Figure 4. Activation of CB2 receptors by THC stimulates IL-10 release and the ERK pathway in BM-MSCs

THC treatment (1 μM, 24 h) induced significant elevation of the anti-inflammatory IL-10 release a., intracellular IL-10 protein expression b., c., and stimulated p-ERK1/2 expression d., e. The release of IL-10 from BM-MSCs was measured by ELISA. The protein expressions of intracellular IL-10 and p-ERK1/2 were analyzed by western blot analysis and normalized to GAPDH. Meanwhile, THC treatment significantly caused CB2 receptor expression in BM-MSCs f., g. CB2 antagonist, AM 630, greatly blocked the THC-induced elevation of IL-10 release, intracellular IL-10 expression, p-ERK1/2 expression and CB2 expression, while AM251 (CB1 antagonist) failed to. Data were presented as mean ± SEM. *p < 0.05 and **p < 0.01 versus control group, ##p < 0.01 versus THC group.

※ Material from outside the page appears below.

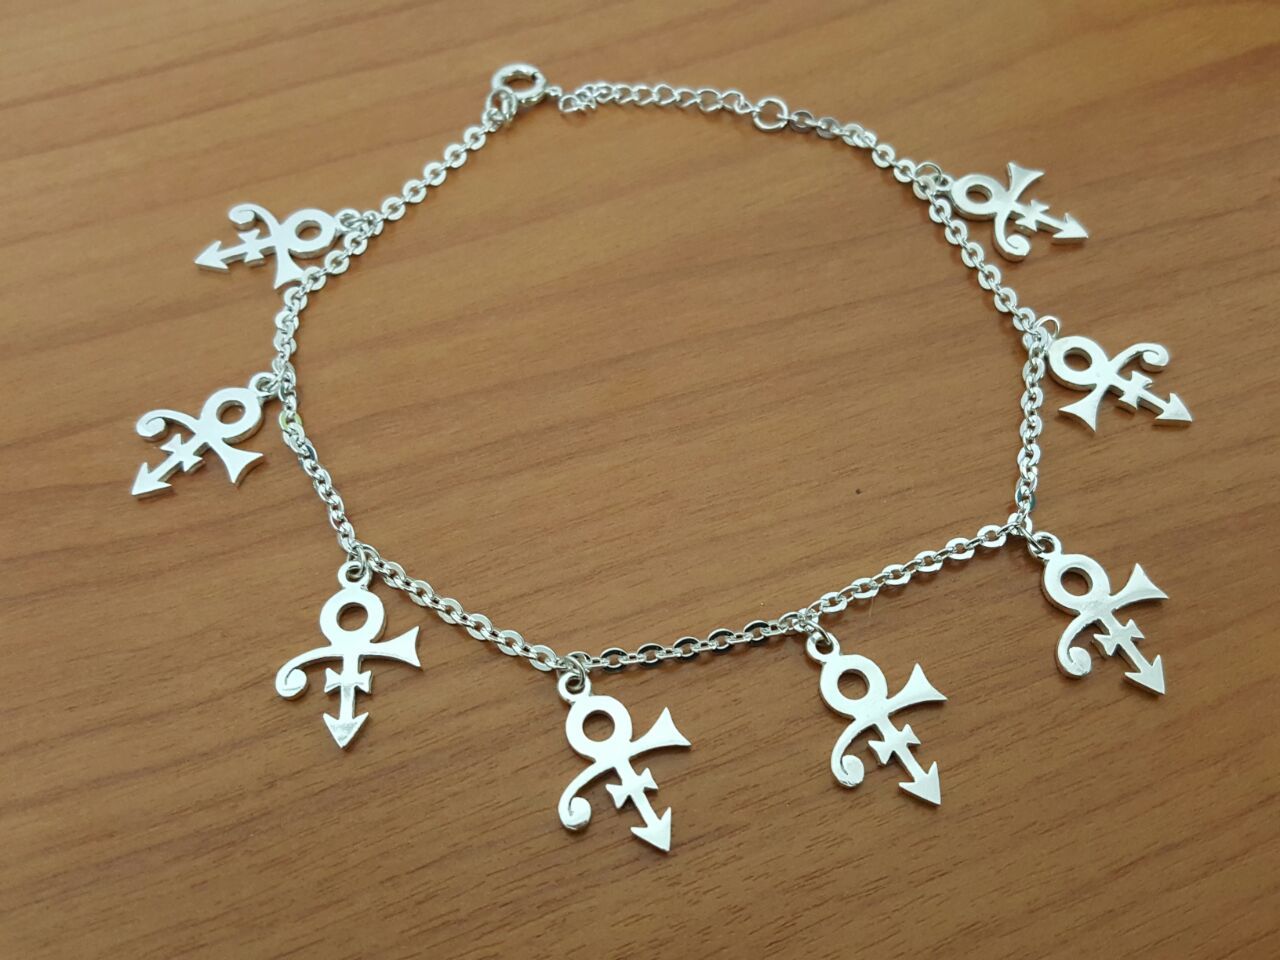 Anklet - Charms Love - Remembrance Symbols - 925 Silver - Handmade
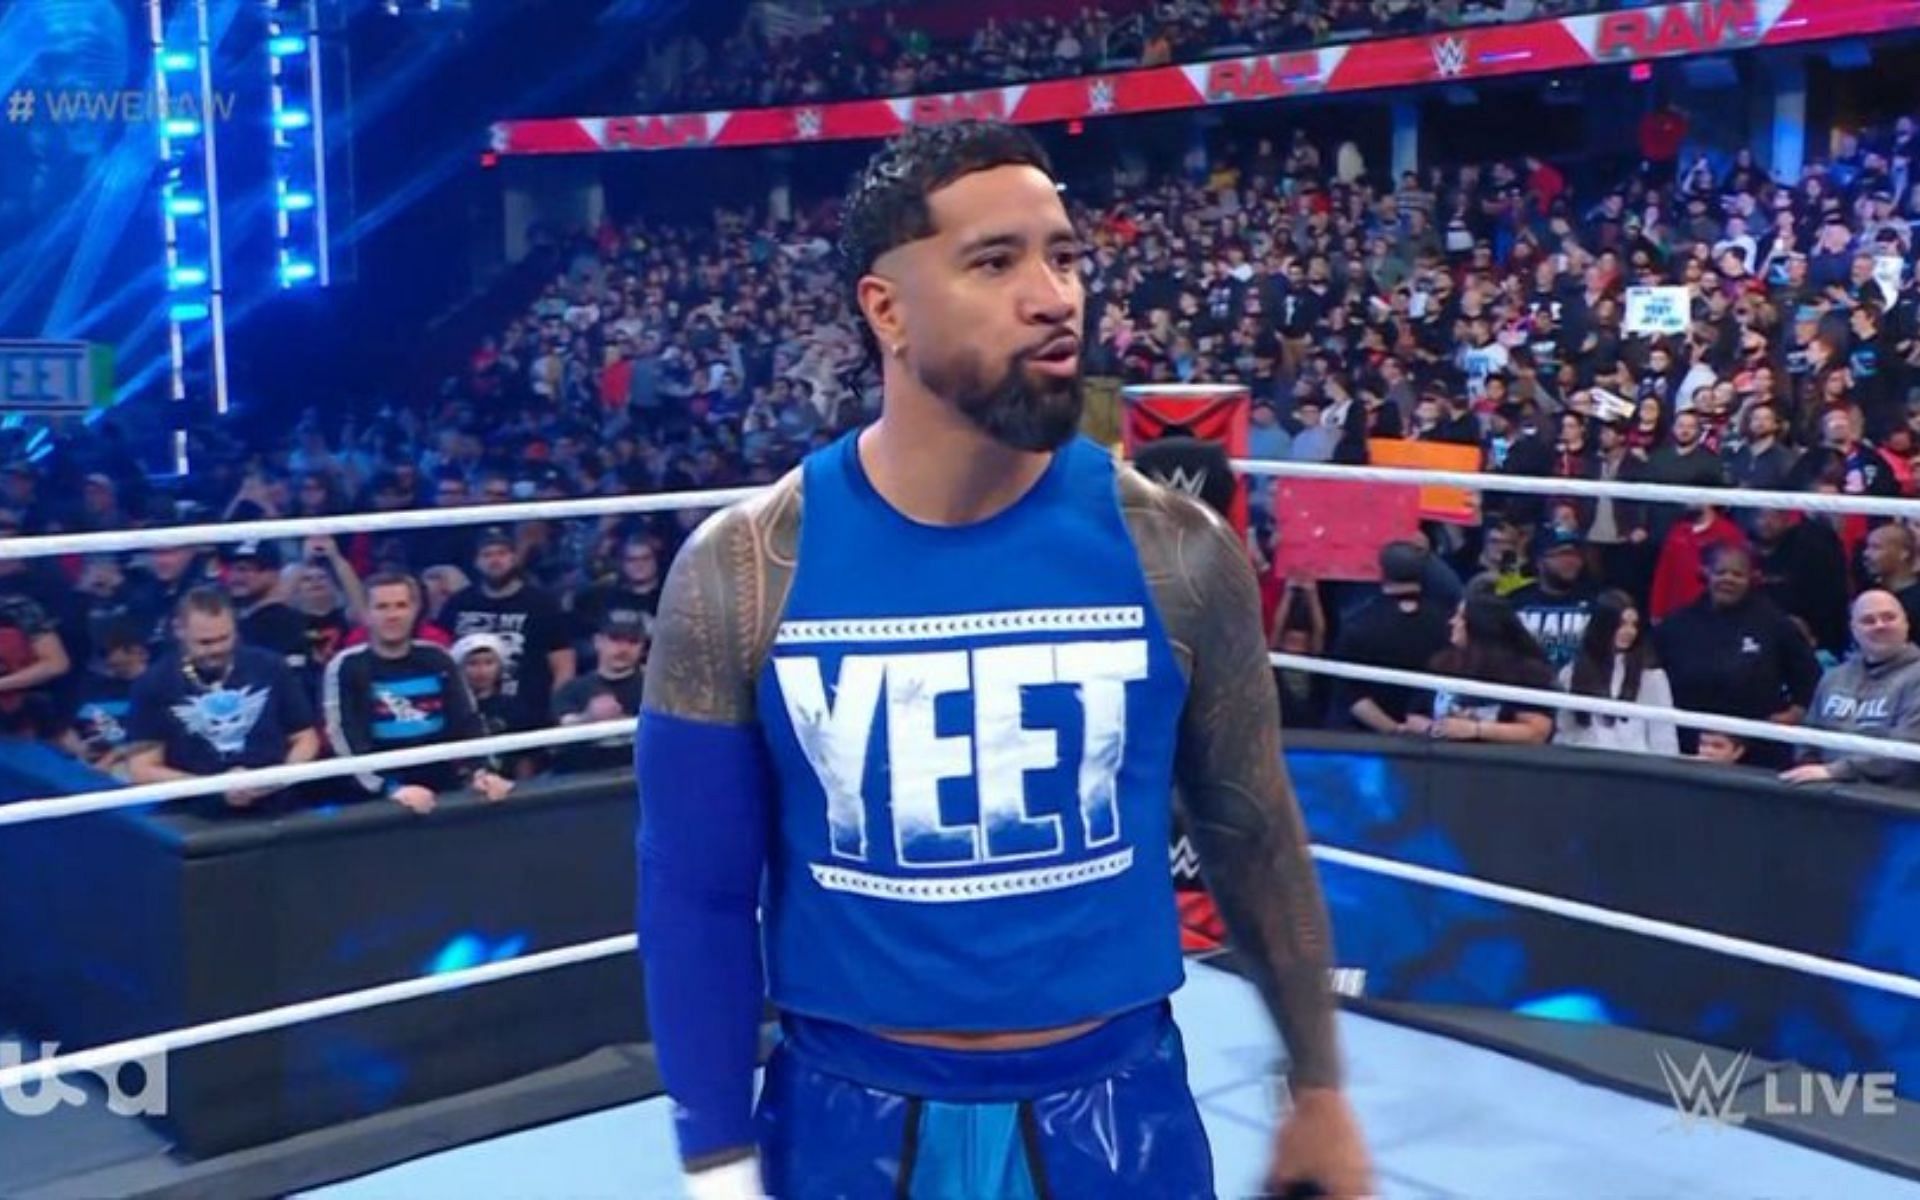 No &quot;Yeet&quot; for Jey on this episode of RAW

Figure 5. THC-pre-treated BM-MSCs significantly enhances the effects of BM-MSCs on the thermal hyperalgesia

a. and mechanical allodynia b. in neuropathic mice (CCI model). BM-MSCs were pre-treated with 1 μM THC for 24 h, then administrated by intravenously injection at day 0 (indicated by the arrow). Thermal hyperalgesia was measured by Plantar test and mechanical allodynia was measured by Dynamic Plantar Aesthesiometer. Data were presented as mean ± SEM. **p < 0.01 versus CCI+veh group, ##p < 0.01 versus CCI+MSC (THC pre-treated) group.

Figure 6. TNF-α (a and e), IL-1β (b and f), IL-6 (c and g) and IL-10 (d and h) mRNA expression and protein content in ipsilateral sciatic nerve of experimental mice 7 days after MSC administration

The cytokine mRNA levels were determined by RT-PCR with GAPDH as a control and were normalized to those of sham+veh group. Cytokine protein contents were measured by ELISA and normalized to sample total protein. Data were presented as mean ± SEM. **p < 0.01 versus sham+veh group, ##p < 0.01 versus CCI+veh group, +p < 0.05 and ++p < 0.01 versus CCI+MSC group.

Figure 7. THC pre-treatment has no impact on the percentage of GFP-labeled BM-MSCs in the sciatic nerve 24 h after administration

Green indicated the GFP-labeled BM-MSCs, while blue indicated the nucleus. Data were presented as mean ± SEM. N.S indicates no significance.